Imagine how much trust this took for the blind man! If Jesus abandons him, he will have no idea how to get home again. There are no familiar cobblestones beneath his feet. There will be no one who will answer when he cries out: “Can anybody help me here?” He is totally, 100 percent, vulnerable.
We should all probably etch this moment into our consciousness. When we are involved in transforming change, in our crucial moment, we are probably going to feel just as exposed as the blind man. You finally take the crucial step and face what you’ve been running from forever. When you do that, you are looking at what you’ve tried so hard not to see. Who do you trust when you’re terrified? If you’re the blind man, your gamble on Jesus is a good bet. And, I hope, that when you are brave and choose to trust someone to guid youe through your darkness, those people come through and prove trustworthy!
Right when you feel good for a moment, things almost always get weirder. Jesus stops leading the blind man. He lets go of him. (Imagine how alone the blind man felt—even for an instant.) Nothing happens until finally something does: “Is that saliva on my eyes?” How totally unprepared would he have been for that sensation? Then, Jesus speaks to him: “Can you see anything?” With great expectations the man opens his eyes.
Things aren’t dark anymore but things sure as heck aren’t clear. (Haven’t we all been there? “Well, something has changed but it sure wasn’t the change I hoped for!”). This is where the line comes in from my Greek class: “I can see people, but they look like walking trees.” (It took all of my courage to turn that translation in.). The blind man had to be asking himself, “Isn’t this actually worse than not seeing at all?”
Here’s the thing…If Jesus had been any other charismatic healer, he would have stayed in the village and healed the man and gotten all the five star reviews. If he was any other charismatic healer and he wasn’t sure he could do the job, he might have taken the man somewhere private. However, if he had been any other charismatic healer, when this guy started talking about “people who look like walking trees” he would have hit the road. Jesus isn’t any other charismatic healer. Jesus tries again.

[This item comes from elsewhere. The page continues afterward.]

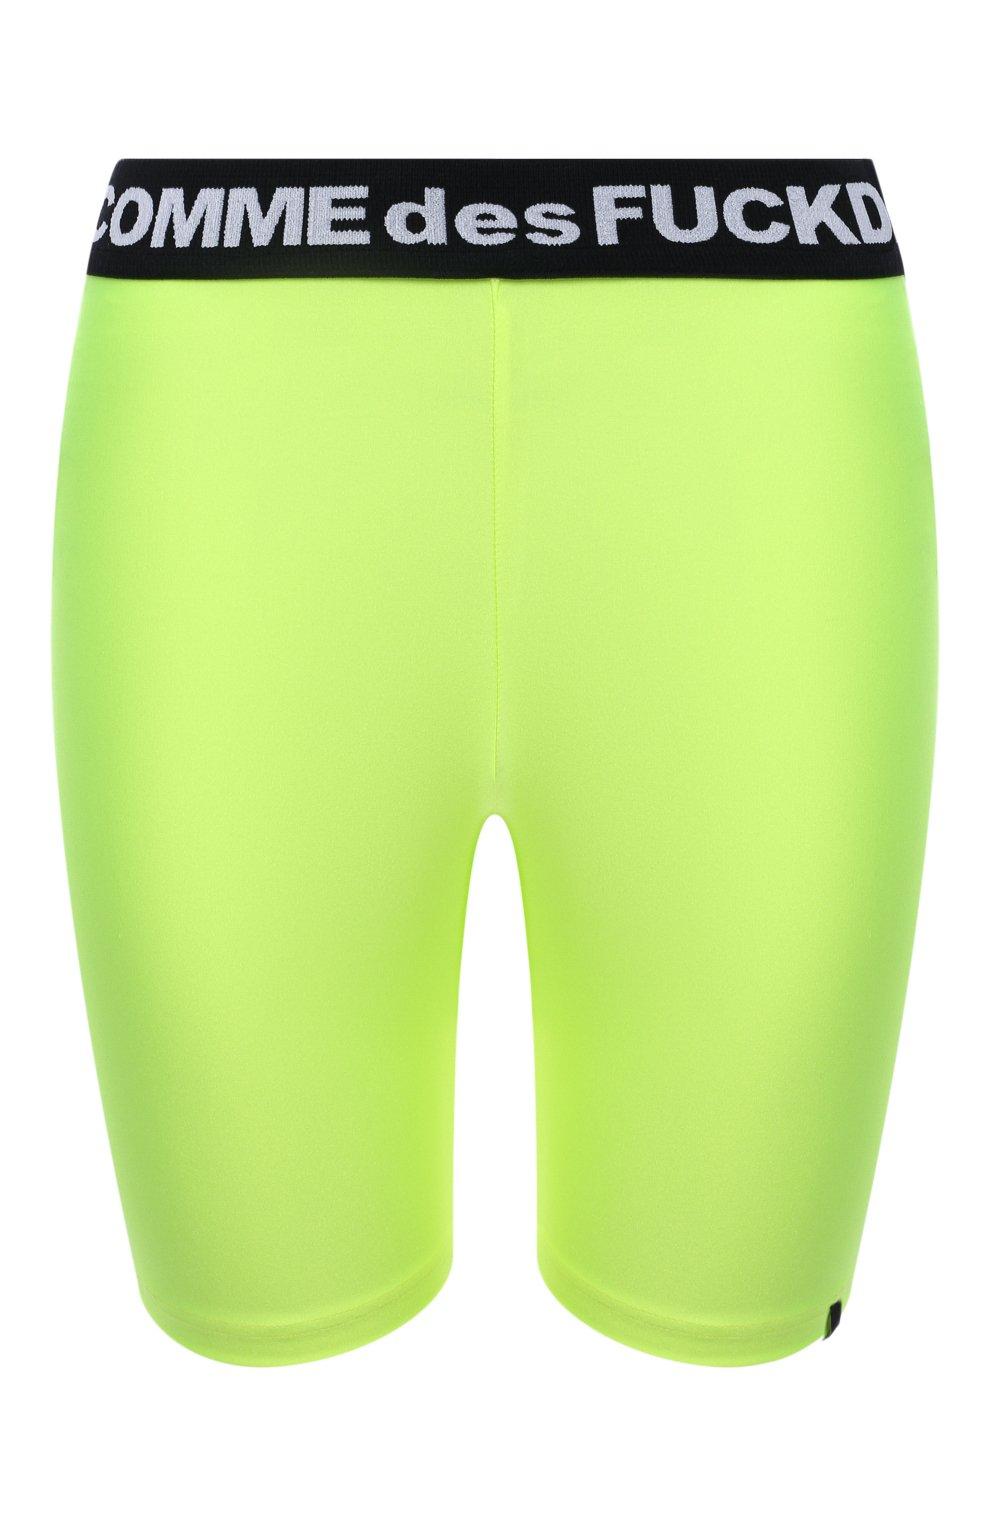 Женские шорты COMME DES FUCKDOWN светло-зеленого цвета, арт. CDFD1382 | Фото 1 (Женское Кросс-КТ: Шорты-одежда, Шорты-спорт; Длина Ж (юбки, платья, шорты): Мини; Материал внешний: Синтетический материал; Стили: Спорт-шик)

He lays his hands on the man’s eyes and this time, the blind man sees everything clearly.
Sometimes we will be the community carrying someone to the care that they need, accompanying them on the way to get help. May we be trustworthy in that role! Sometimes we will be the person who is desperately in need of help, ourselves. May we be brave enough to be led through that darkness in the sheer hope that things might finally change. Always, Christ will be present in that darkness and in that healing, leading us to see what really matters more clearly than we’ve ever seen it before.
We can’t give up on each other. We have to work together to keep hope alive. We have to remind ourselves that Jesus never, ever, gives up on us.